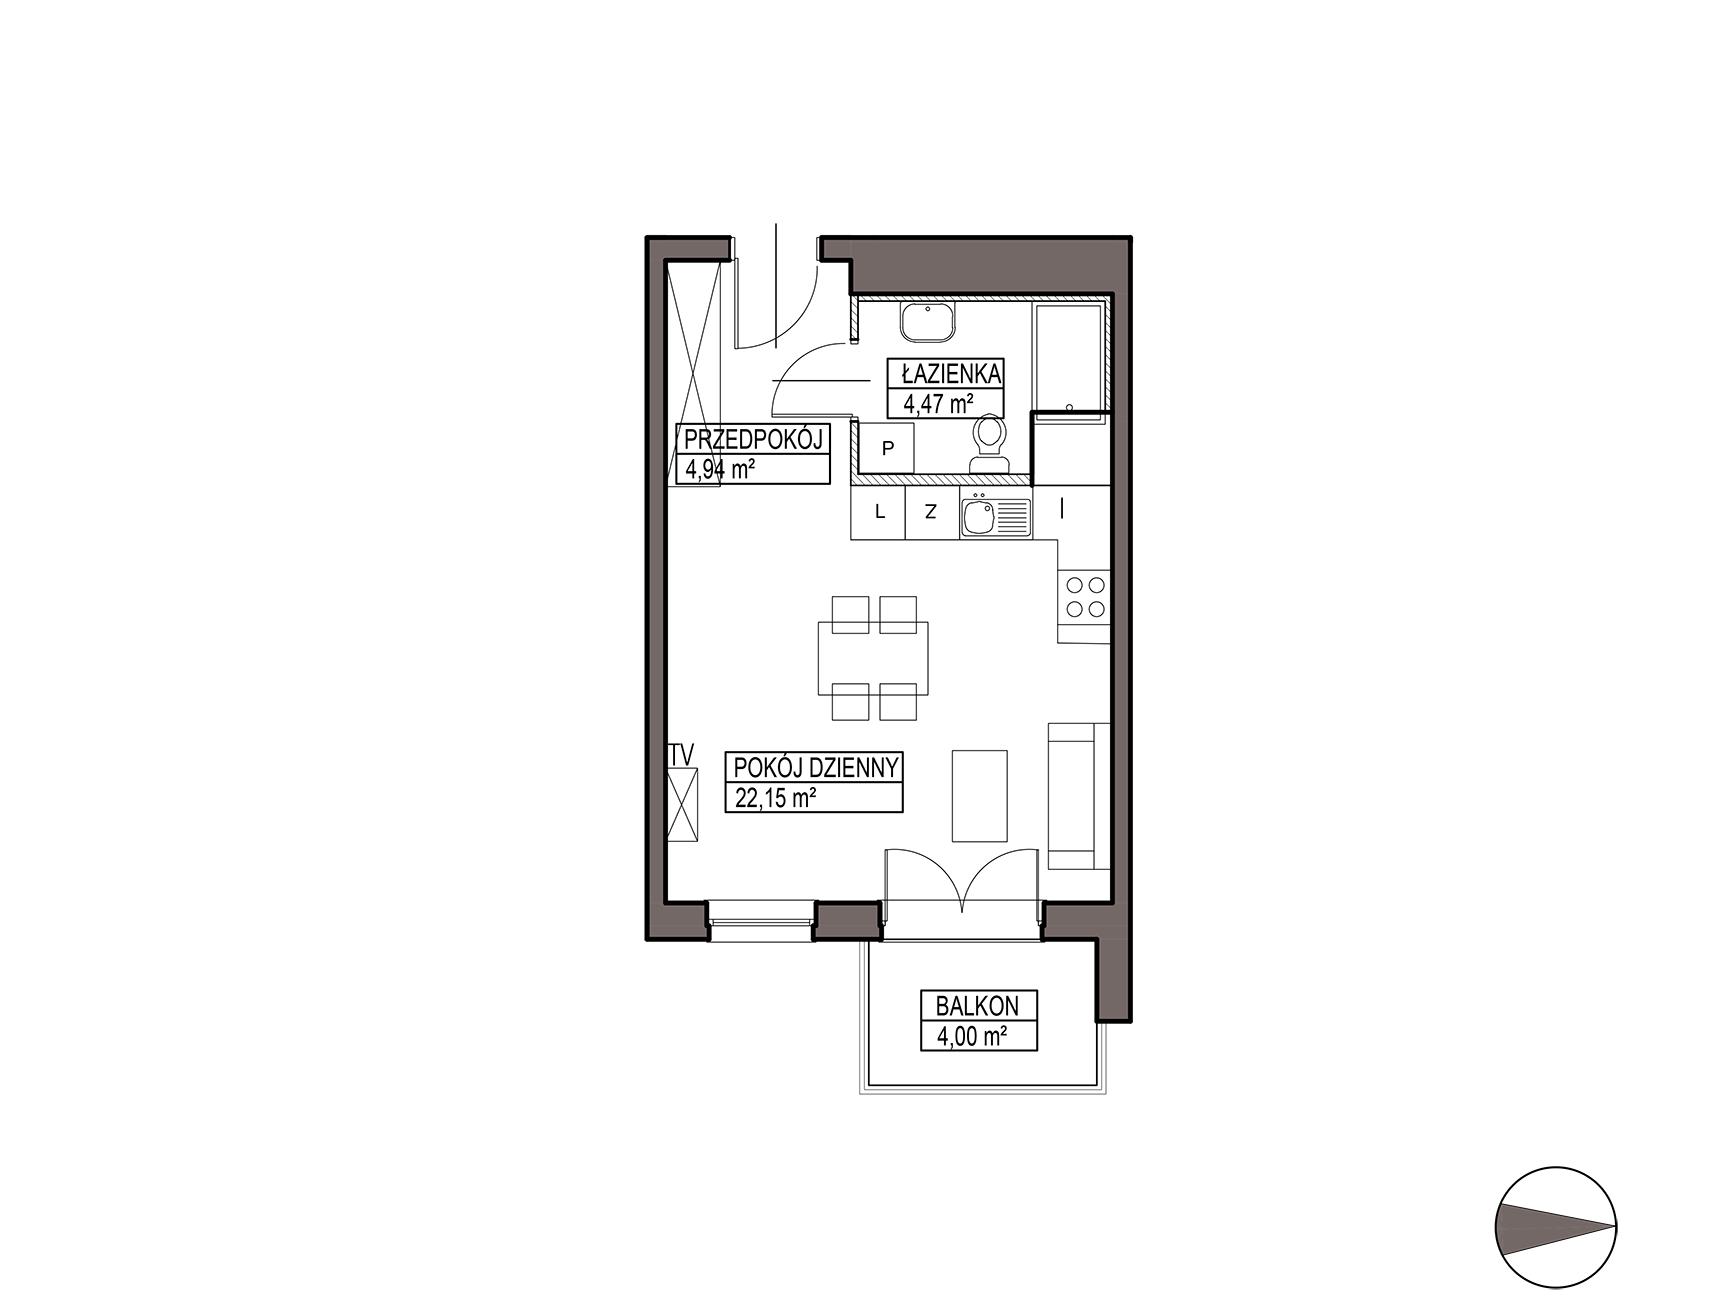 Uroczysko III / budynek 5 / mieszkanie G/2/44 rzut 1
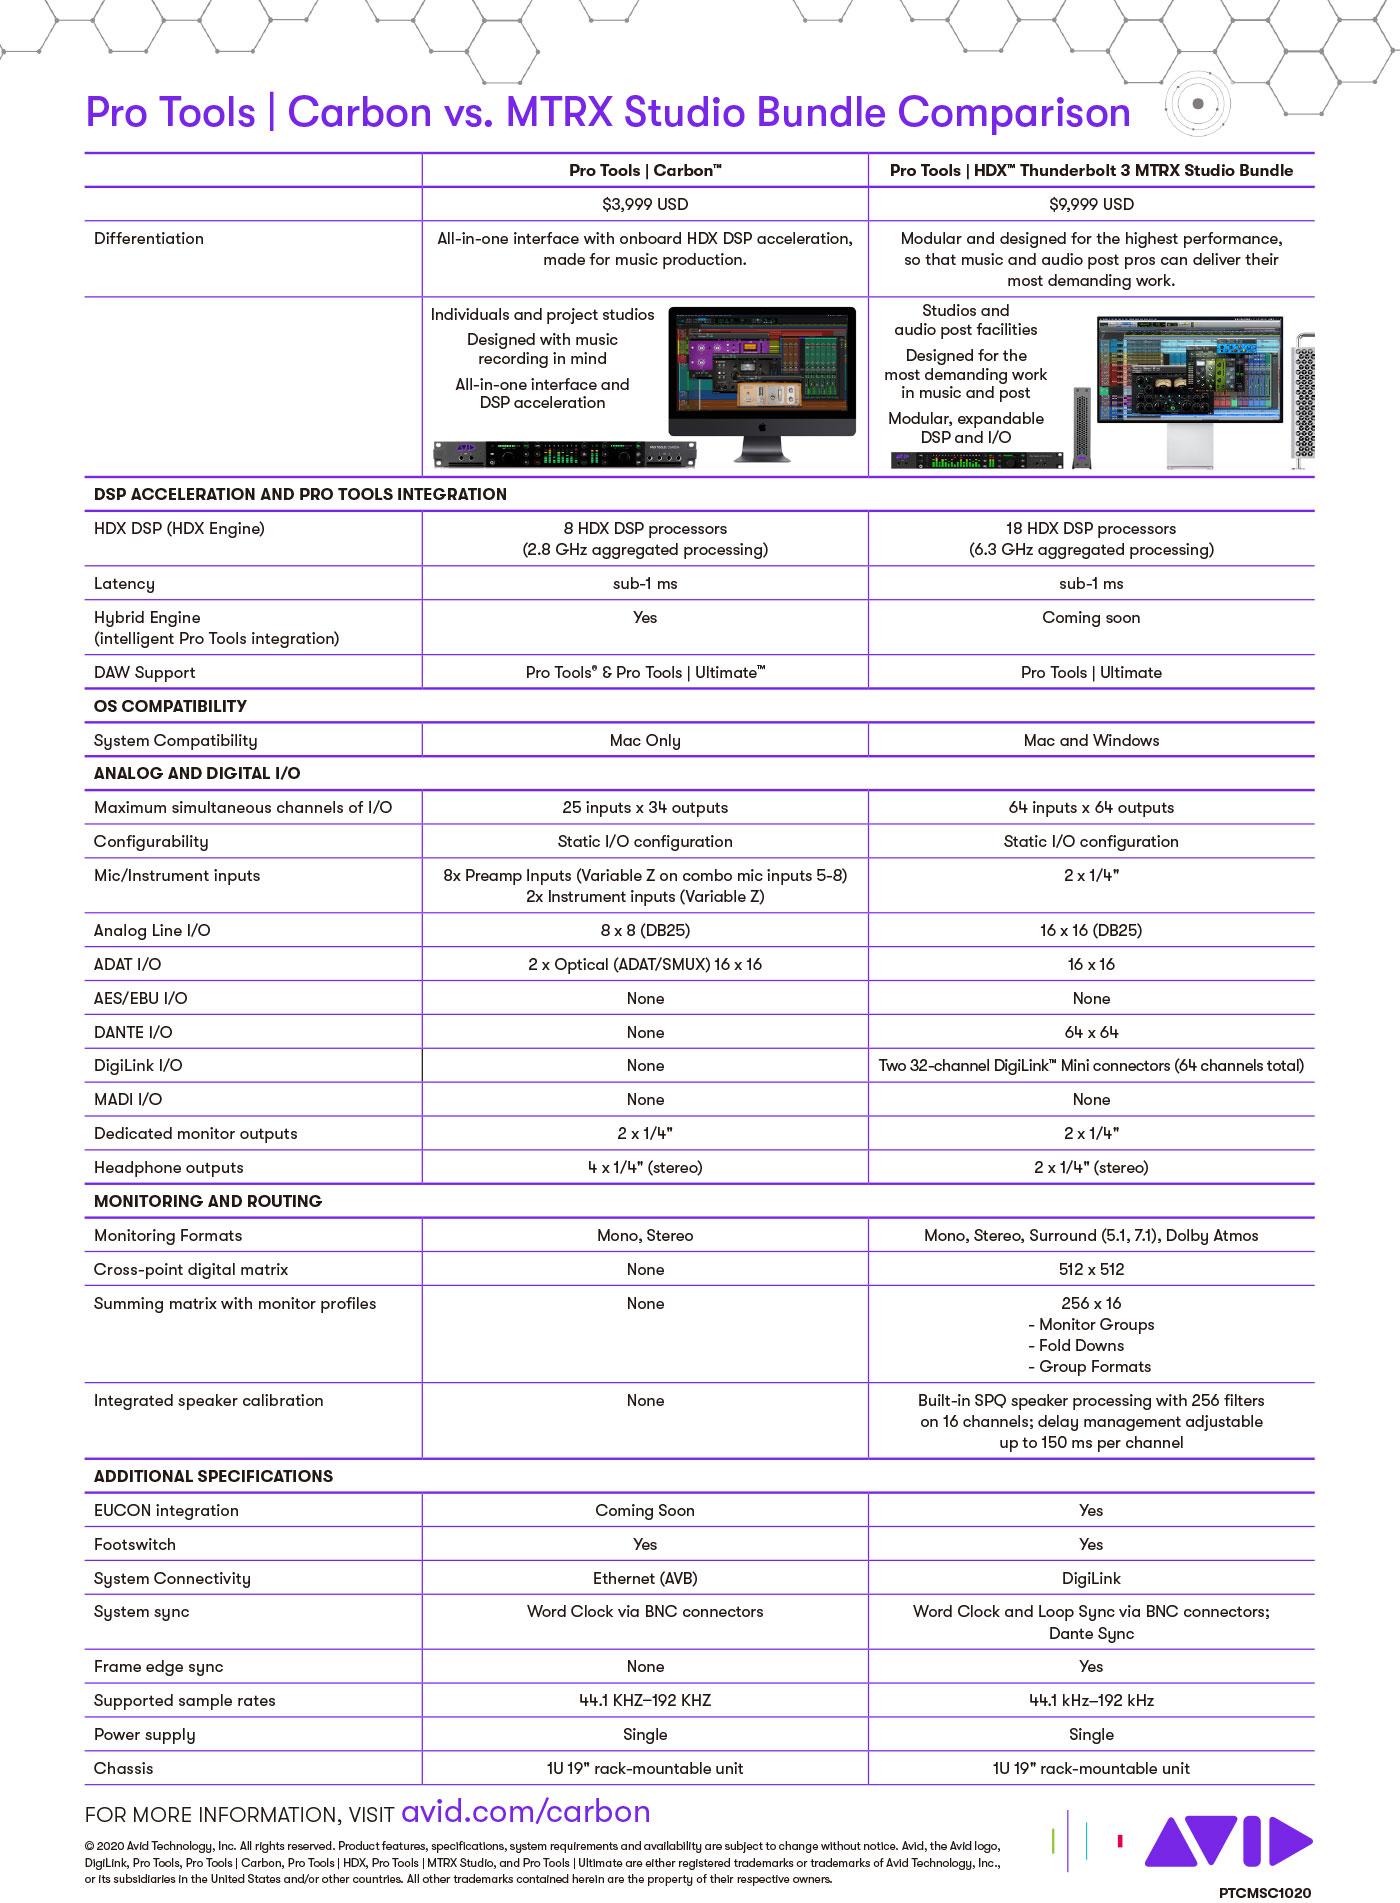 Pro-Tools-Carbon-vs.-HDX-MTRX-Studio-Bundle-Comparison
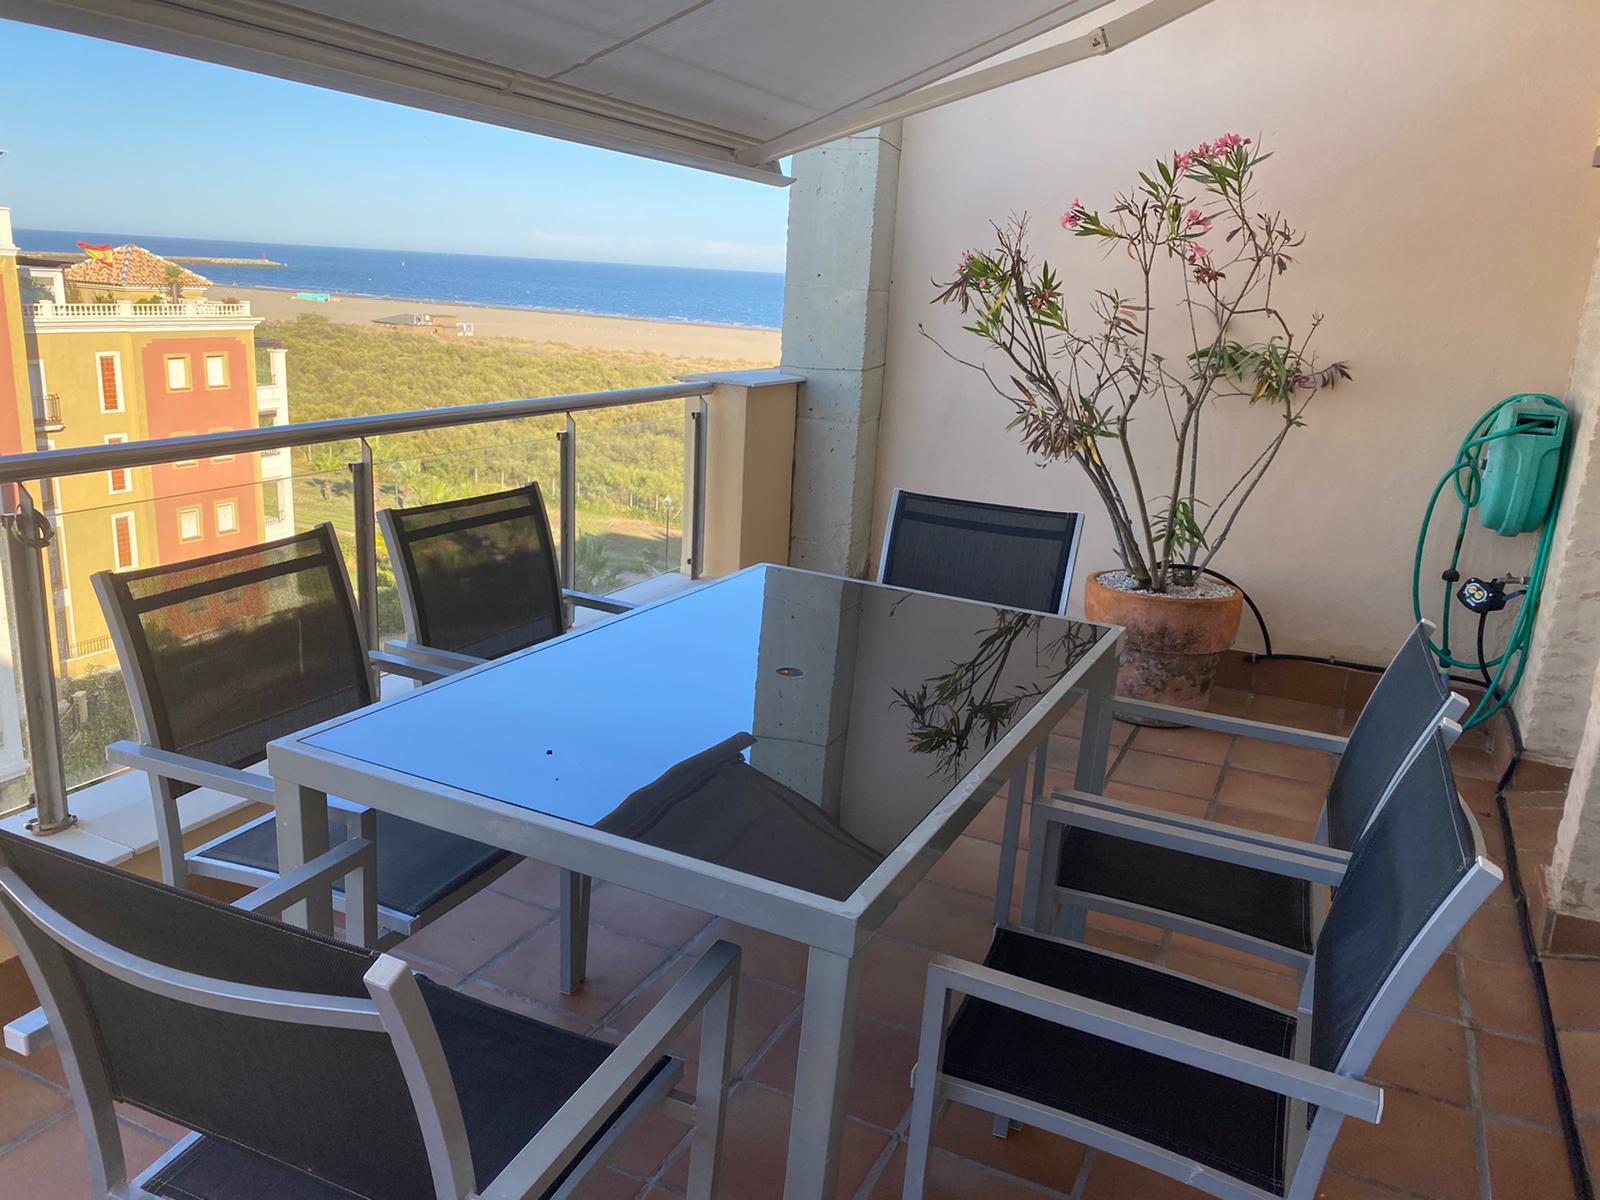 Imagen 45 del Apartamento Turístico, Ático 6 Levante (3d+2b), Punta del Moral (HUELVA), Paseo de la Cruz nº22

WHAT TO DO:
All of the data above should be quoted exactly, except for the pictures.

FINISHED EXERCISE:
 Uroczysko III / budynek 5 / mieszkanie G/2/44 rzut 1
 Pro-Tools-Carbon-vs.-HDX-MTRX-Studio-Bundle-Comparison
 Imagen 45 del Apartamento Turístico, Ático 6 Levante (3d+2b), Punta del Moral (HUELVA), Paseo de la Cruz nº22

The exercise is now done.